The difference between the market price and the specified price

 The difference between the market price and the specified price

Investors have two main options for placing orders to buy or sell stocks with their brokers, where they can either place a market order or a limit order. A market price order is an instruction to buy or sell shares at the prevailing market price, while a limit order price tells the broker to buy or sell a share at the price that the investor or trader specifies in his order. Choosing between these two things is essential in your investment journey. Let us now know the difference between the market price and the specified price.

In order for you to form a comprehensive and deep understanding of the difference between the market price and the specified price, we will try to provide you with an explanation of what the market price and the specified price are so that the difference becomes clear to you.
What is a buy order at market price?
A market order placed at the market price instructs the broker to buy or sell shares immediately after the order is placed. Investors use market price orders when they want to enter or exit a position immediately, regardless of the price. In contrast, a set price order instructs the broker to buy or sell a stock only if it reaches a predetermined price.
A market price order guarantees that the broker will complete the stock trade, while a limit order does not. However, a market order does not guarantee that the buy or sell will be executed at a price that satisfies the investor.
For example, after thoroughly researching a company, you might think it makes an excellent long-term investment. Since you simply want to buy and hold the stock, you are not worried about the stock’s starting price. You place a market order, and the deal is executed around the market price of the current trade. If instead you place a limit order, even using a price close to the current trading price, your order may not be executed.
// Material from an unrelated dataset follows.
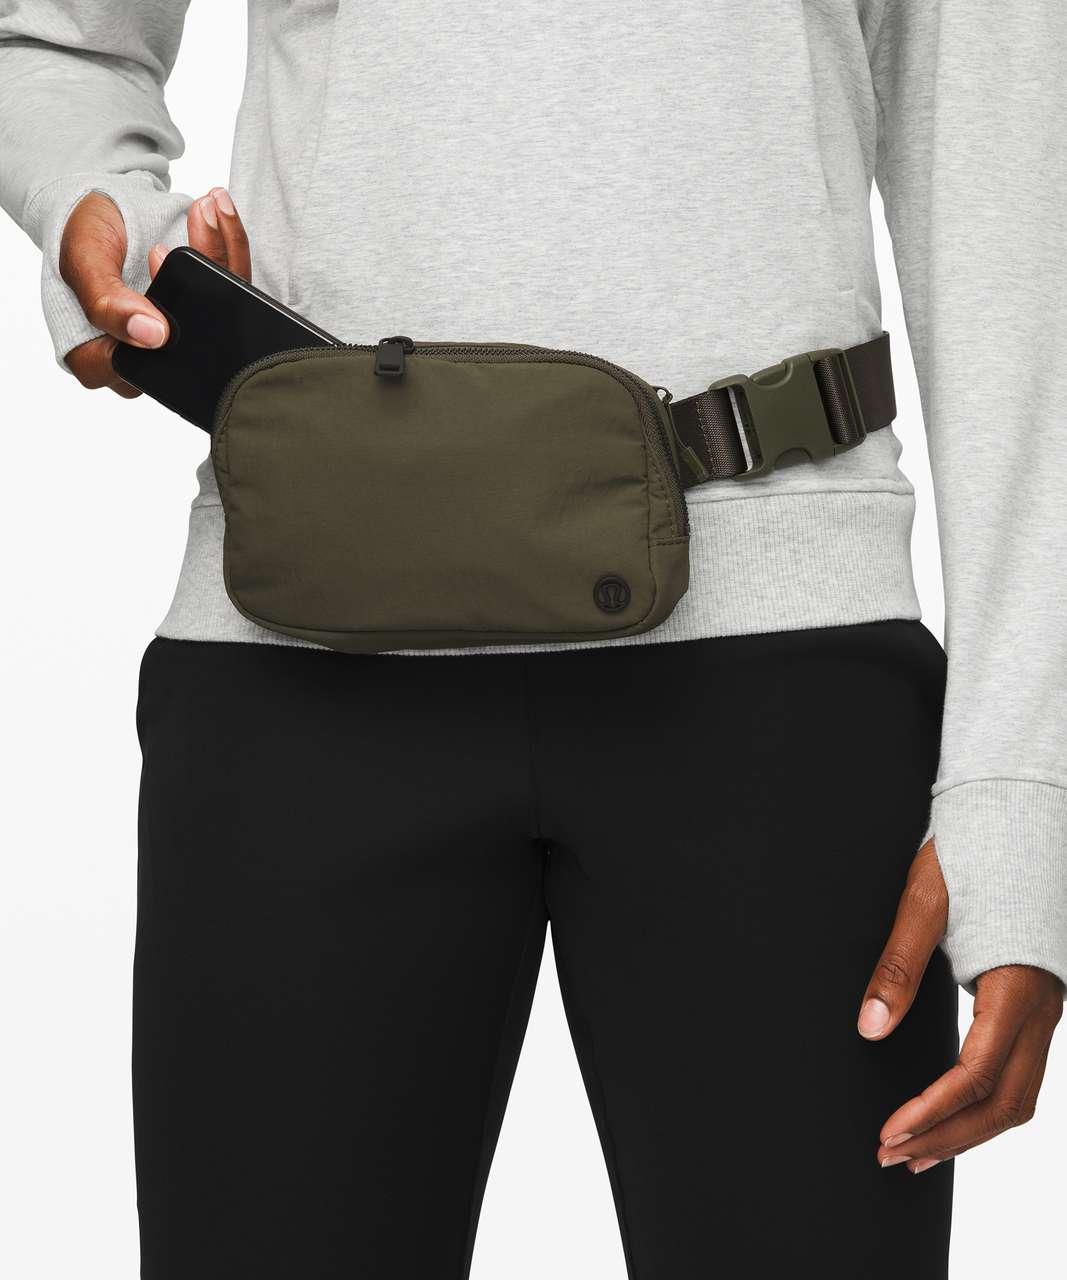 Lululemon Everywhere Belt Bag *1L - Armory
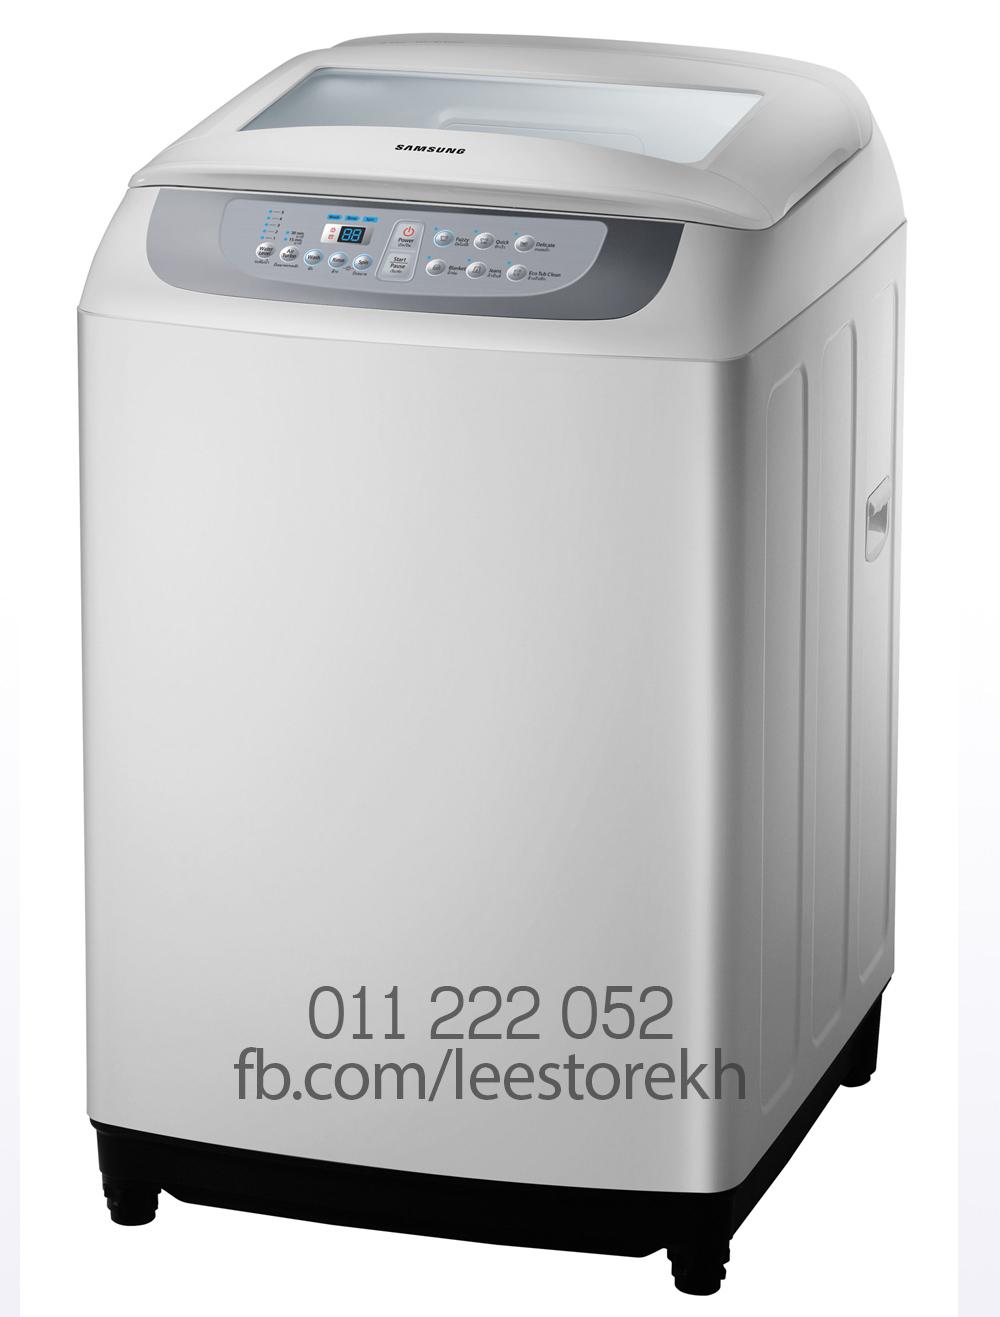 new washing machine price

This can happen if the share price moves away from the price set by the limit order.
Another example of preferring to place an order at the market price over an order at the limit price is when the investor loses confidence in the company. If you want to get out of a losing position now rather than wait for a potential recovery that may never materialize, you can send an order at market price to sell all of your shares. If you were to place a limit order in this scenario, the trade may not be executed which may result in you incurring greater losses by continuing to hold the stock.
The biggest risk of using a market-price order is the fact that as an investor you have no control over the price you pay for the stock or how much money you receive from the sale. If the share price suddenly moves before you place an order in the market, you could pay much more or receive much less than you expected.
What is a buy at set price order?
While investors who place market orders do not care much about pricing, investors who prefer limit orders instruct their brokers to buy or sell a stock at a set price. A limit price order to buy is only executed when the specified price is reached or below it, while a sell order is only completed at or above the specified price.
Imagine that you as an investor have carefully researched the value of stocks that you believe are trading below their intrinsic value, which you value at $50 per share. The current market price of the stock is just under $40 per share, and to make sure you get enough value as the share price rises to make investing in the stock worthwhile, you can set a limit order at $40 per share. While you can place an order at the market price to make sure that the trade is executed immediately, setting this limit order ensures that you do not overpay if the stock price rises unexpectedly quickly. If the order is not executed, you can either set an order at a new limit price or use a market order to execute the trade.
Now imagine that you own a stock that you believe is close to its intrinsic value, which you set at $75 per share. Based on the belief that the share price will not rise above its intrinsic value, you place a limit order to sell your shares when the share price reaches $75. With the shares currently trading at around $72 per share, your limit order will only be executed if the share price is at or above $75 per share. If not, you will continue to hold your shares unless you set a new limit order or use a market order to sell your holdings.
The biggest risk of using a limit order instead of a market order is that execution may never take place. The stock price can suddenly rise or fall sharply based on a variety of factors.
The difference between placing an order at market price or limit price
Investors can use a simple test to determine whether they should use a market-price or limit-price order to buy or sell a stock. If closing a deal is extremely important to you, then ordering at market price would be your best option. But if getting a specific price when buying or selling a stock is a limiting factor, then a limit order is the better order type. Your preference can change over time, even for the same stock. You may initially set a limit order to buy a share at an attractive price, and if this order is not executed, you may decide to cancel the limit order and place a market order instead.
Deciding what type of order to use can seem like a daunting task to a novice investor. Therefore, you must be careful in choosing among these orders and determining which one is best for you according to your goals and budget.
Disclaimer: The content of this article is for informational purposes only. The information provided should absolutely not be considered as investment advice or a recommendation. No warranty is made, express or implied, as to the accuracy of the information or data contained herein. Users of this article agree that Money Secrets does not accept responsibility for any of their investment decisions. Not every investment or trading strategy is suitable for anyone. See the risk warning statement.